Recipe for great peas:
            Get package of Super Sugar Snap, plant an inch deep, two inches apart in ground in mid-April.  Add support such as twigs stuck in the ground, and protect from garden pests.  Wait for a while for peas to develop, enjoying the beautiful plants as they grow.  Then pick and eat, shell and all.  (You can eat the Super Sugar Snap before the peas fill in since you eat the shell, too.  But wait until peas fill in to eat the shelling kind.)  Repeat for weeks!  Then pull up plants and replace with marigolds.  Enjoy!

My favorite way to cook and store beans:
            To eat fresh, collect beans before the seeds get large.  You should just see the seeds starting to develop inside, but they will be too tough once the seeds begin to fill in and bulge.  Cut in pieces, simmer or steam till you can poke with a fork but before they get limp and soft, about 7-8 minutes.  (Or just after the purple color turns to deep green.)  Then butter and salt and serve as a side dish.  Or add a little chopped garlic and butter the last few minutes you are cooking the beans and let it cook a bit.  Then drizzle a little olive oil on.  Simple but wonderful.

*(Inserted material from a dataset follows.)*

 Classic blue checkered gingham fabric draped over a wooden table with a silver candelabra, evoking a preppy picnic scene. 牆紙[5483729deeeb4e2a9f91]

            To freeze:  Cut uncooked beans, submerge in a pot of boiling water for 1 minute.  Remove and cool quickly in cold water.  Let drip dry for a few minutes then pack into freezer bags (one meal’s worth per quart-sized zip-lock).  Wrap in foil, label, put in freezer in a place you will remember to use them.  I’m going to have a list on my fridge next year which details what I have stored and where.  If not, it’s out of sight, out of mind.  And when it's time to cook them, it just takes a few minutes.  Blanched beans only take a short time to cook.  Keep that in mind! 

            Hope you discover the delight of fresh peas and beans.  And if you can, save the extra dried seeds in a jar to look at every now and then.  Just gorgeous!  God is good!